Learn R Programming

Compositional (version 5.0)

Principal coordinate analysis using the Jensen-Shannon divergence: Principal coordinate analysis using the Jensen-Shannon divergence

Description

Principal coordinate analysis using the Jensen-Shannon divergence.

Usage

esov.mds(x, k = 2, eig = TRUE)

Arguments

x

A matrix with the compositional data. Zero values are allowed.

k

The maximum dimension of the space which the data are to be represented in.
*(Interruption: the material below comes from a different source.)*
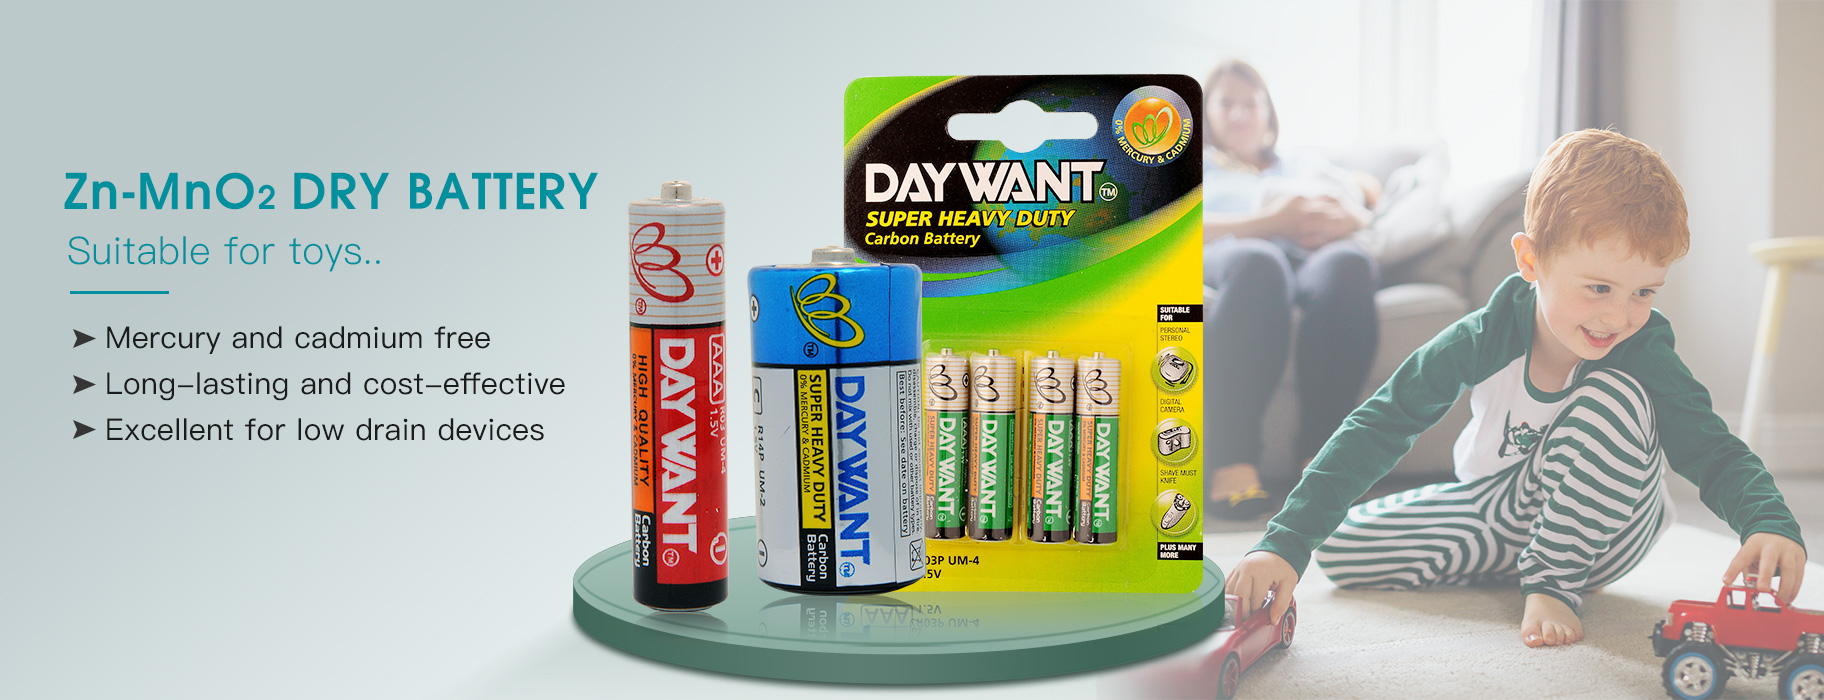 Dry Battery Manufacturers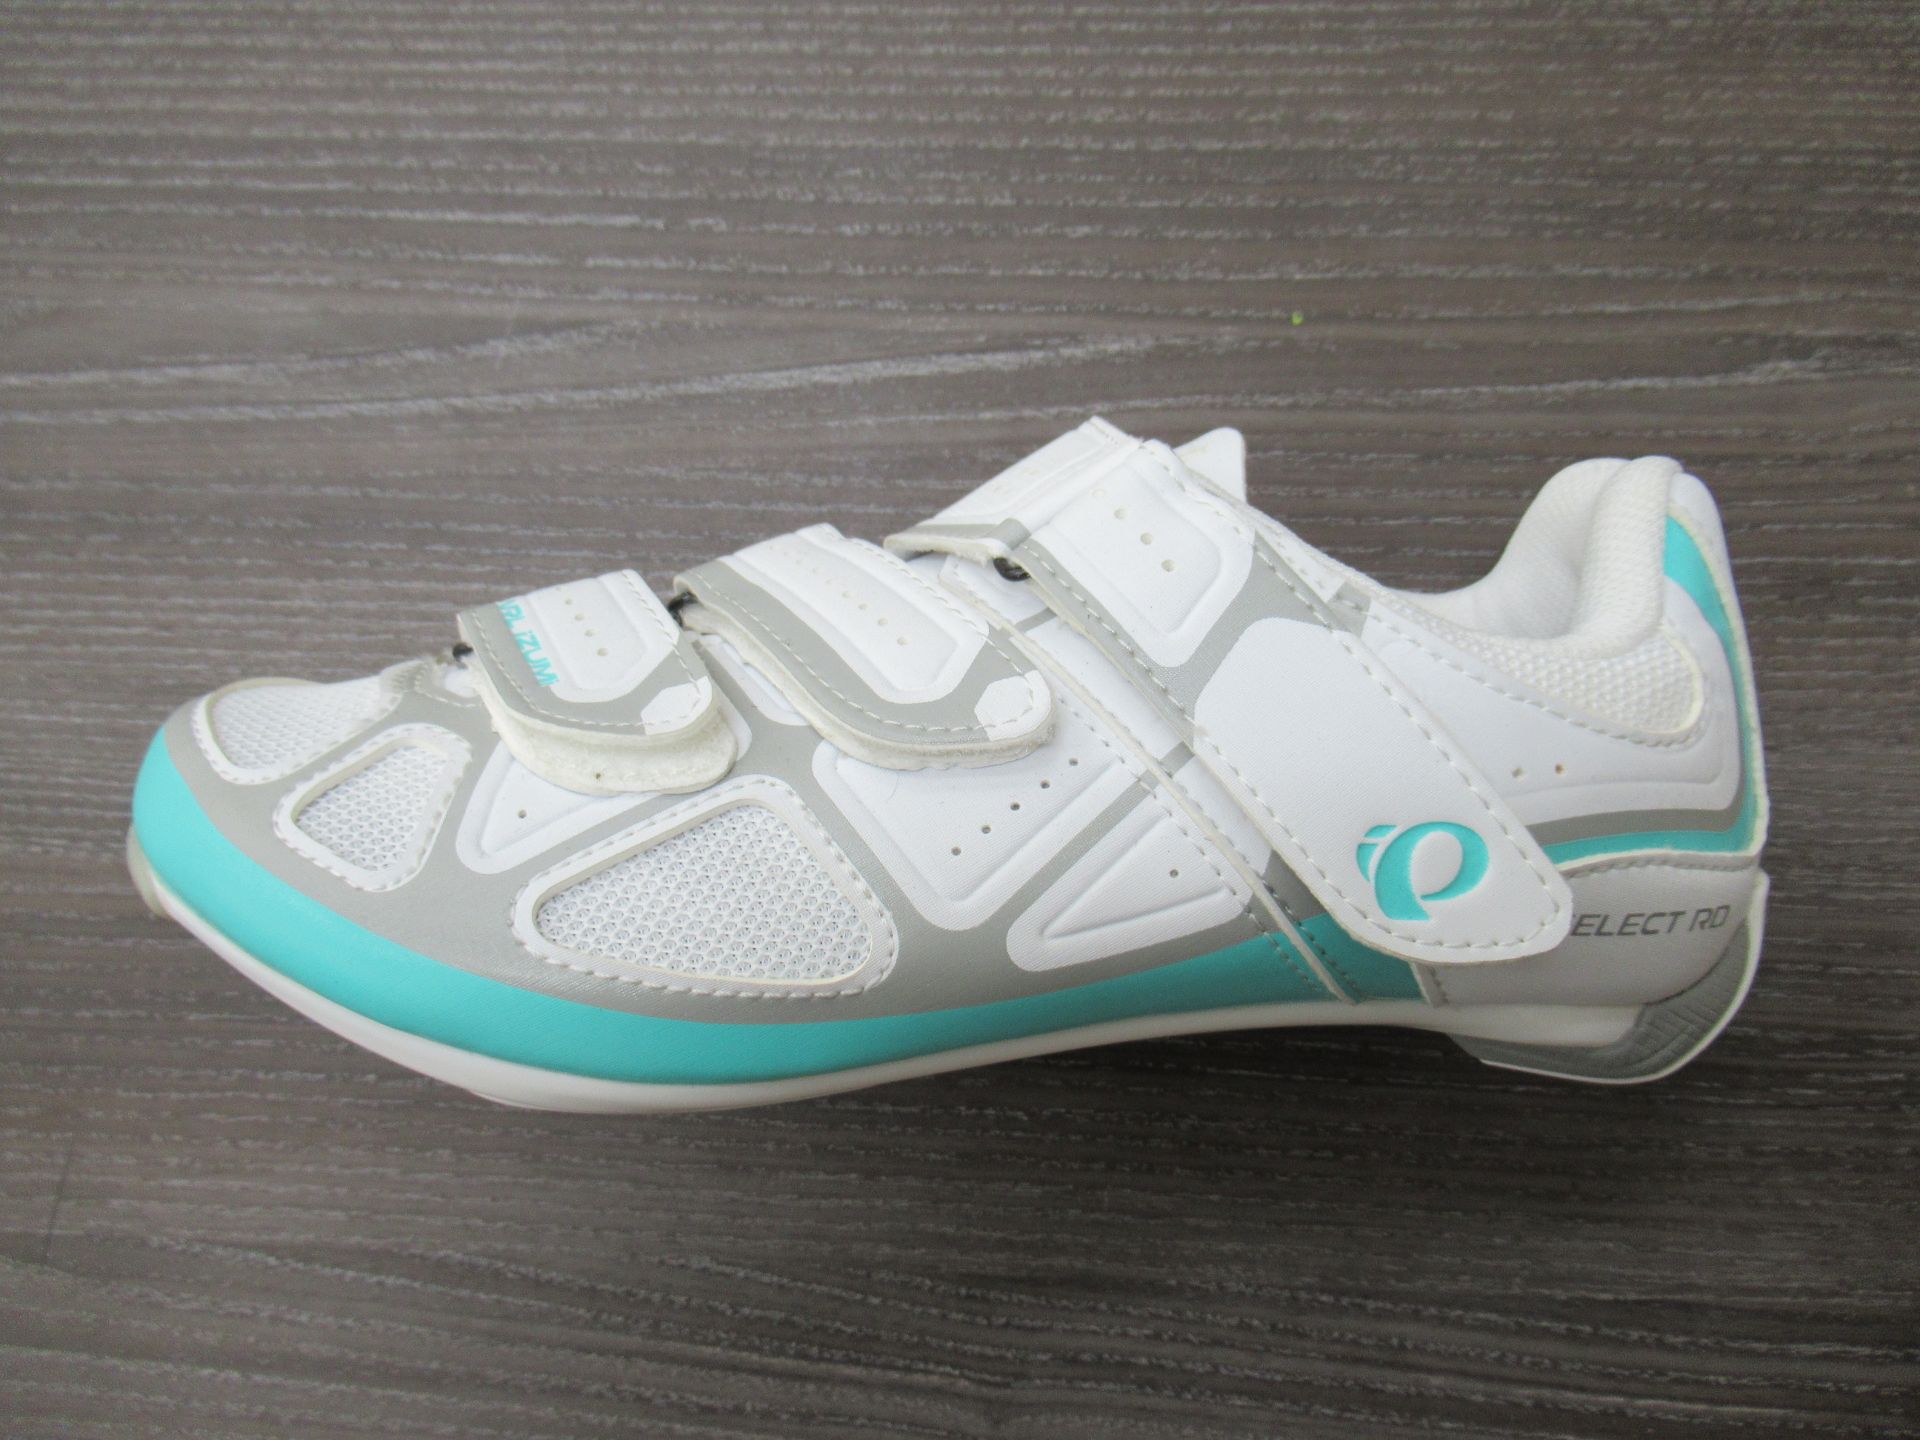 2 x Pairs of ladies cycling shoes: 1 x Lake MX100-W EU size 37 (RRP£79.99) and 1 x Pearl Izumi W Sel - Image 7 of 7

This can be a number between 1 and \(D-1\), where \(D\) denotes the number of dimensions.

eig

Should eigenvalues be returned? The default value is TRUE.

Value

A list with the results of "cmdscale" function.

Details

The function computes the Jensen-Shannon divergence matrix and then plugs it into the classical multidimensional scaling function in the "cmdscale" function.

References

Aitchison J. (1986). The statistical analysis of compositional data. Chapman & Hall.

Cox, T. F. and Cox, M. A. A. (2001). Multidimensional Scaling. Second edition. Chapman and Hall.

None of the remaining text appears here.